Ownership of real estate is established by a deed. Even if there is a mortgage, the property is still owned by the title holder, subject to the mortgage.
Types of deeds include general warranty deeds, special warranty deeds, quit claim deeds and personal representative deeds, among others. People often think that a quit claim deed is the deed to use in all cases. This is not true. Title examiners prefer to see deeds in the public records that include a promise by the grantor that the grantor owns the property. Warranty deeds meet that requirement. Quit claim deeds are typically used to clear title problems. They include no promise that the grantor has any interest in the property.

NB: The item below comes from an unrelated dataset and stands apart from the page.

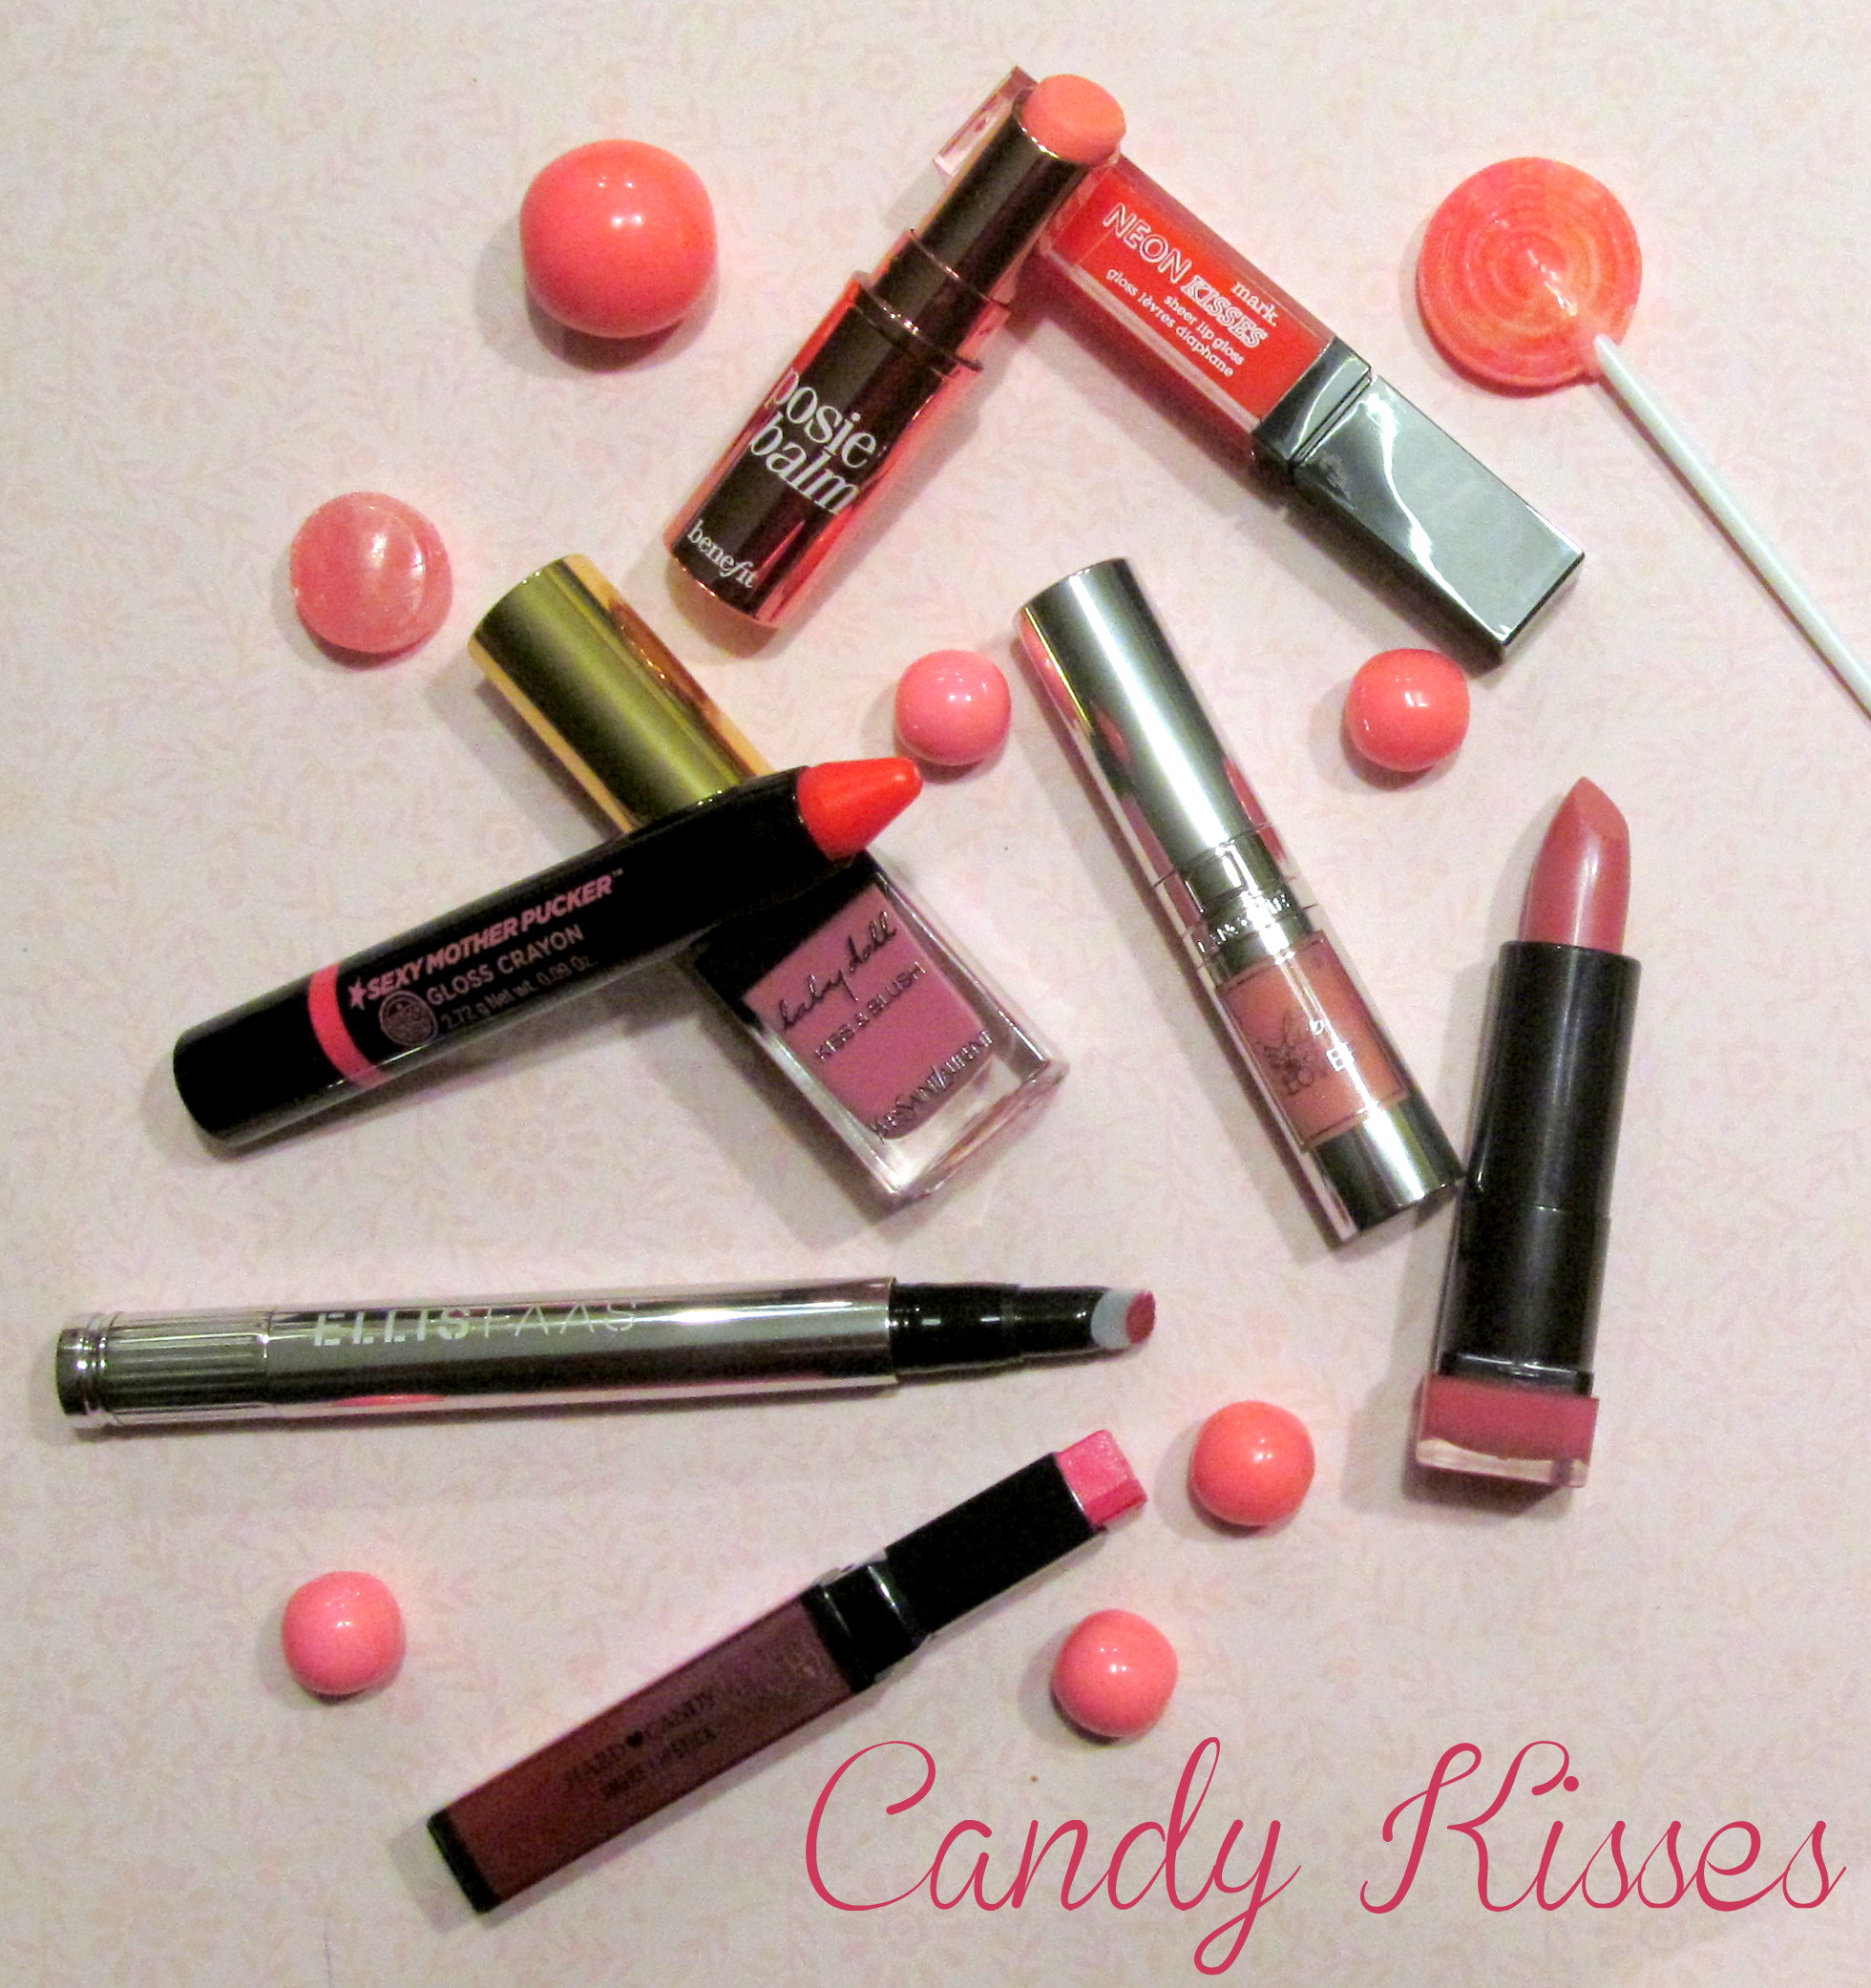 Candy kisses, spring 2014 lipstick, lip gloss, beauty blogger, favorite lipstick, favourite lip gloss, lancome lip lover, mark neons, ellis faas ,covergirl lip perfection, benefit posie balm, ysl kiss and blush

To be valid, a deed must have a valid grantor, grantee, legal description of the property, consideration, signatures, witnesses and acknowledgment. The grantor is the owner of the property.Since a person cannot convey homestead real property without the spouse’s signature, the grantor’s spouse must sign, or the record must show that the grantor is unmarried, or the record must show that the property is not homestead. The grantee can be a person or an entity. There are certain limitations and considerations in regard to the grantee designation. One should never use the legal description from the tax record for a deed because it is abbreviated. Two witnesses must sign to make a deed valid. The signature of the grantor must be acknowledged in the presence of a notary public.
We see many improperly executed deeds, which do not pass title. Generally, defects are not know until it is too late to resolve them, because the grantor is deceased or unavailable to resolve it. We strongly suggest that one avoid using store-bought or nationally sold deed forms. Seek legal advice and do it right.